In the thermal cycling test of the SnZn0.04Cu0.02@SiO2 microspheres, a similar thermal instability can be observed (see Figure 9). However, the broad exothermic peak is observed clearly only when the number of thermal cycles reaches more than 80 (see insets of Figure 9a). This indicates that the SnZn0.04Cu0.02@SiO2 microspheres are more thermally stable than the SnZn0.04Cu0.015@SiO2 microspheres and a rise in the amount of Cu can improve the thermal cycling stability of SnZnCu@SiO2 microspheres. The positive effect of the amount of Cu on the thermal cycling stability of SnZnCu@SiO2 microspheres is further supported by the result obtained from the SnZn0.04Cu0.03@SiO2 microspheres. As shown in Figure 10, except that the undercooling decreases slightly as the number of thermal cycles increases to 150, there is almost no change in heat of fusion or solidification of SnZn0.04Cu0.03@SiO2 microspheres even after 300 thermal cycles. Similar to the untreated sample, no broad exothermic peak appears in the solidification curve after 300 thermal cycles (see insets of Figure 10a), hinting that the thermal cycling stability of the SnZnCu@SiO2 microspheres can be remarkably improved as the amount of Cu increases to about 3.0 at.%.
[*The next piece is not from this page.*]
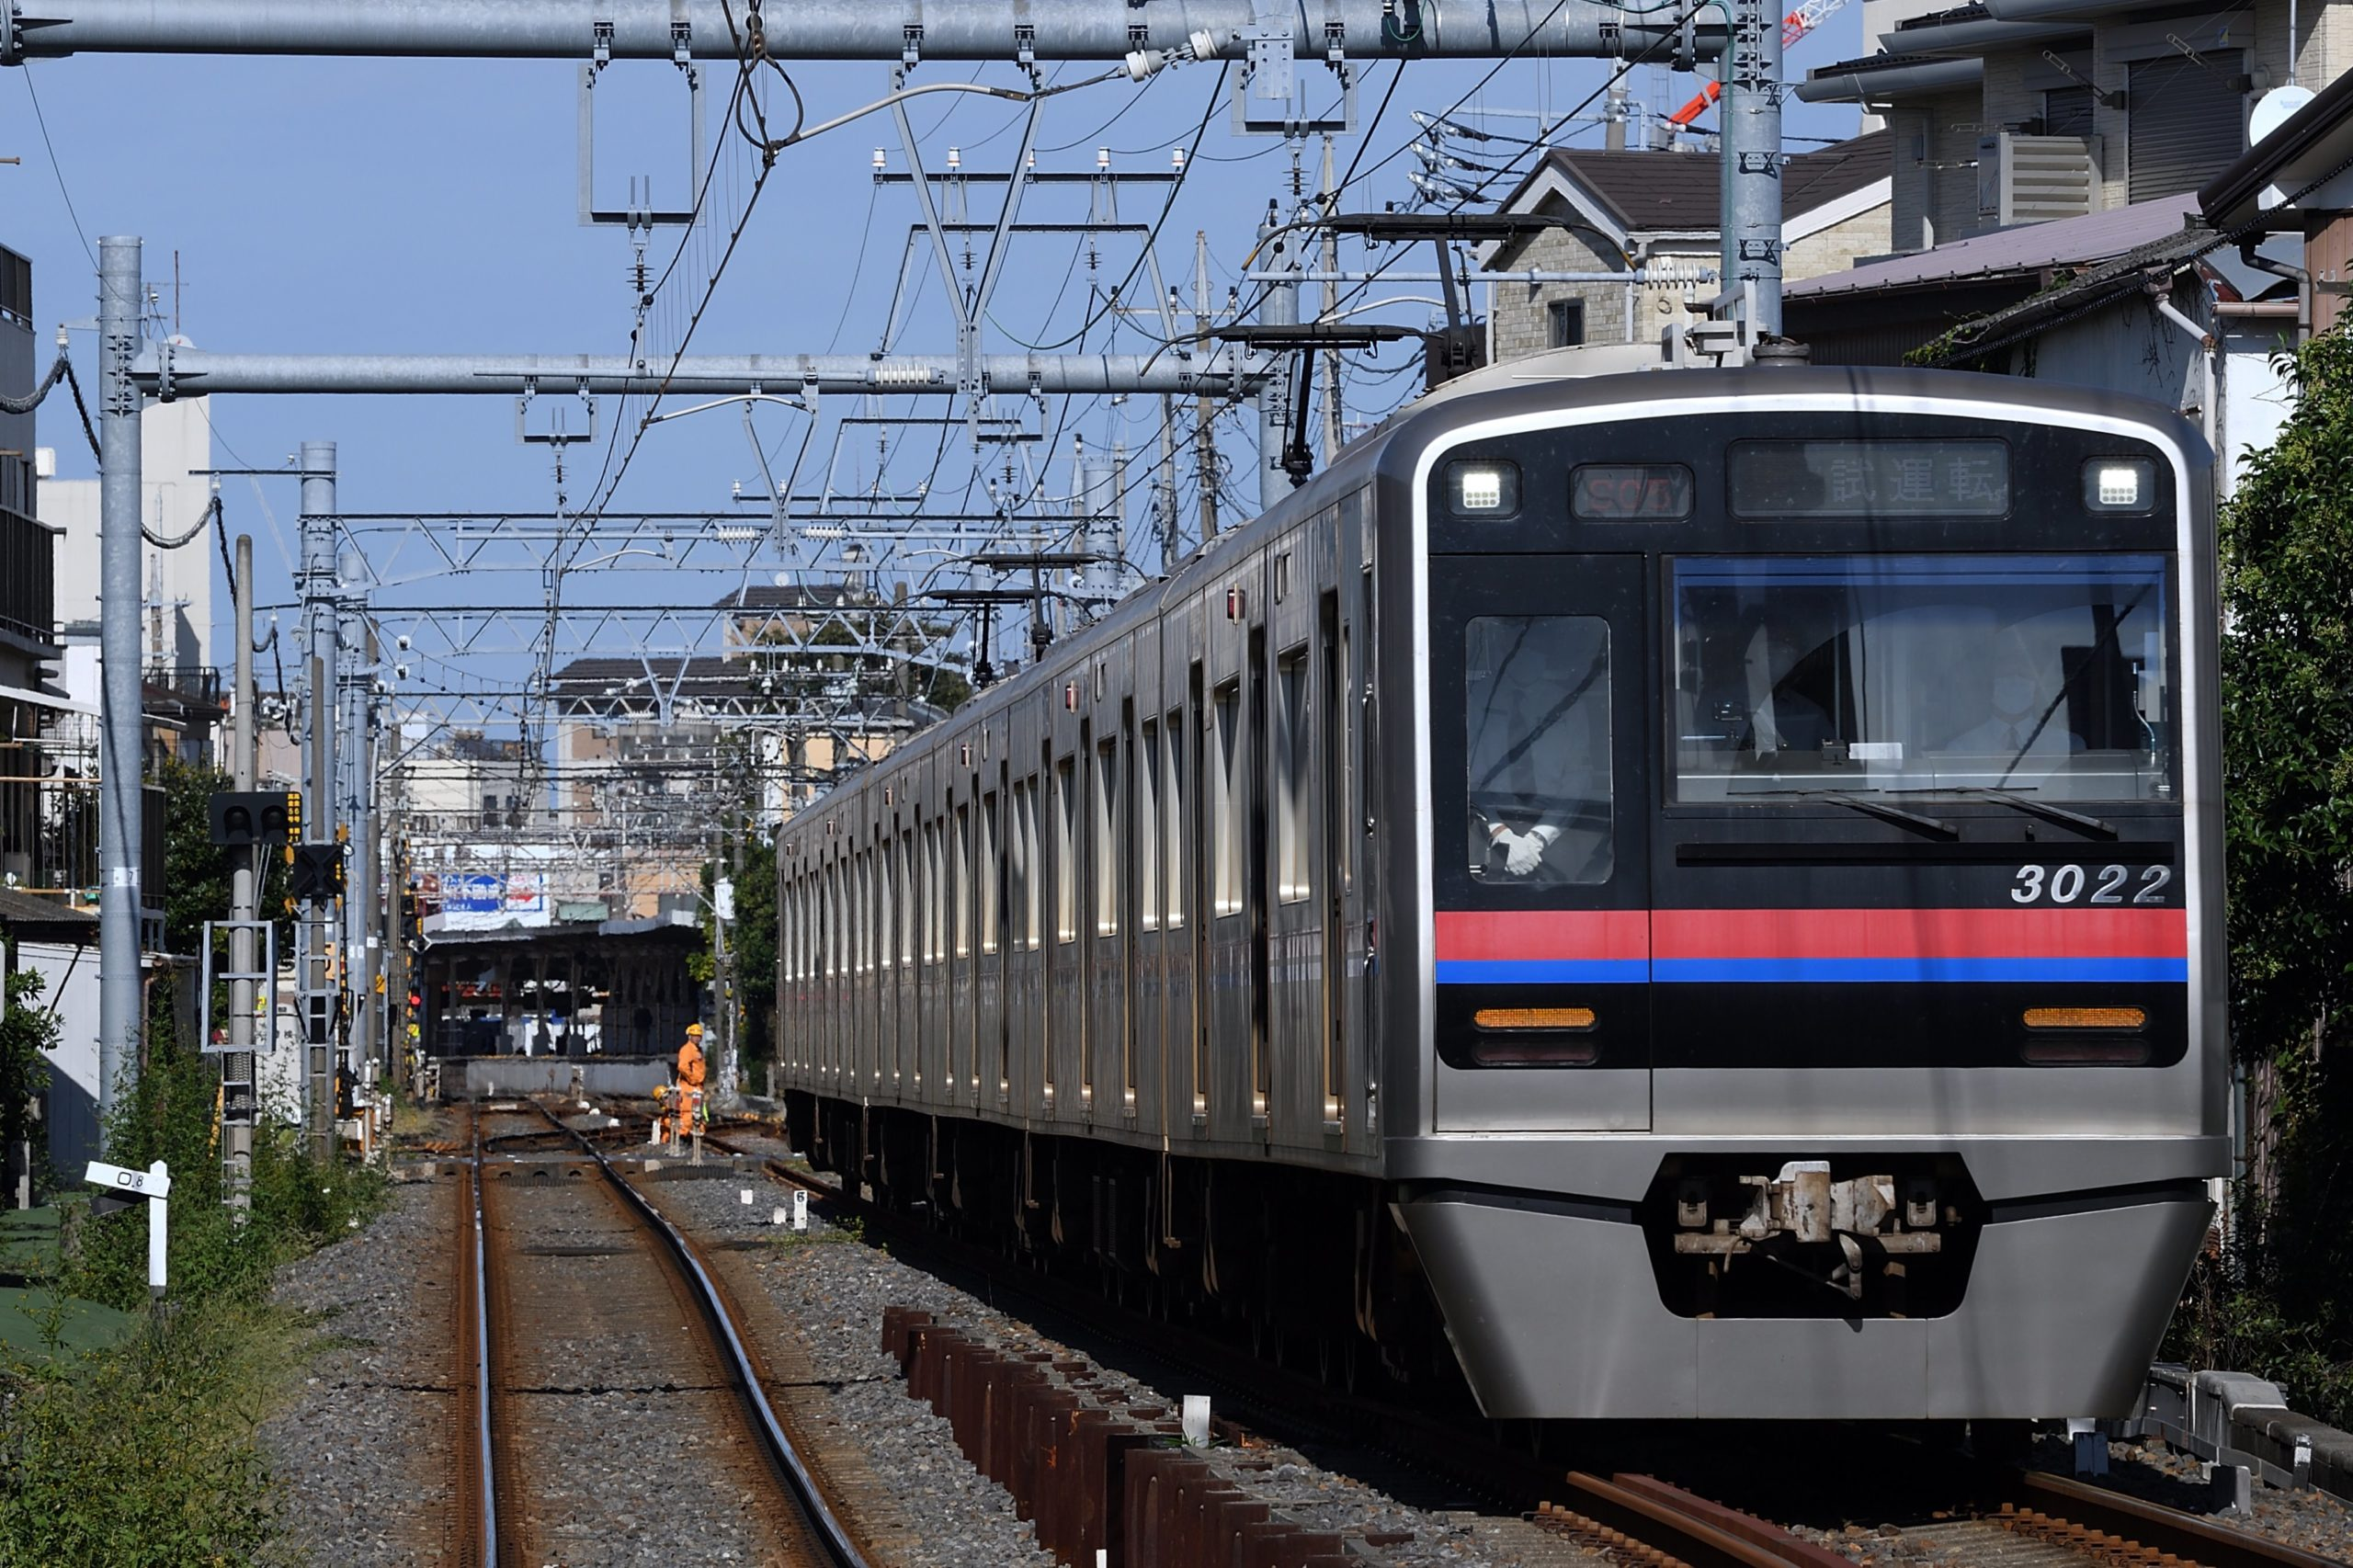 【驚愕】京成3000形6両編成が金町線に初入線 一体何を計画しているのか

The high thermal stability of the SnZn0.04Cu0.03@SiO2 microspheres, as well as their very low undercooling and narrow freezing/melting peak width, suggests that they should be a promising PCM for latent heat storage. Table 1 gives a comparison of the properties between SnZn0.04Cu0.03@SiO2 microspheres and some PCMs with a melting point ranging from 220 to 240 °C, including encapsulated Sn and some nitrate salt-based PCMs. Besides having very poor thermal conductivity [4], it is clear from Table 1 that the latent heat of fusion on a volume basis of the nitrate-based PCMs with a melting point close to that of Sn is also less than that of SnZn0.04Cu0.03@SiO2 microspheres, giving SnZn0.04Cu0.03@SiO2 microspheres an edge over those nitrate salts as PCMs used in the case where a limited room is available for PCMs.
As has been mentioned above, a new exothermic peak normally appears in the solidification process when the SnZnCu@SiO2 microspheres are not thermally stable. Compared with the first exothermic peak, this peak is much broader and appears in the lower temperature region. This feature demonstrates that the solidification of some liquid metal needs high undercooling and occurs slowly, which is similar to the solidification process in the SnCu0.015@SiO2 (see Figure 6a) or SnCu0.02@SiO2 microspheres (see Figure S3 in Supplementary Materials). Since the Cu5Zn8 phase contributes significantly to both much lower undercooling and narrower freezing peak of SnZnCu@SiO2 microspheres compared to those of SnCu@SiO2 microspheres, it is speculated that the appearance of a broad exothermic peak indicates a possibility of the decomposition of this phase, which has been observed in the soldered Sn–Ag–Zn/Cu interface [38]. Therefore, the Cu5Zn8 phase was investigated by XRD to understand the origin of thermal instability observed in the SnCuZn@SiO2 microspheres after thermal cycling.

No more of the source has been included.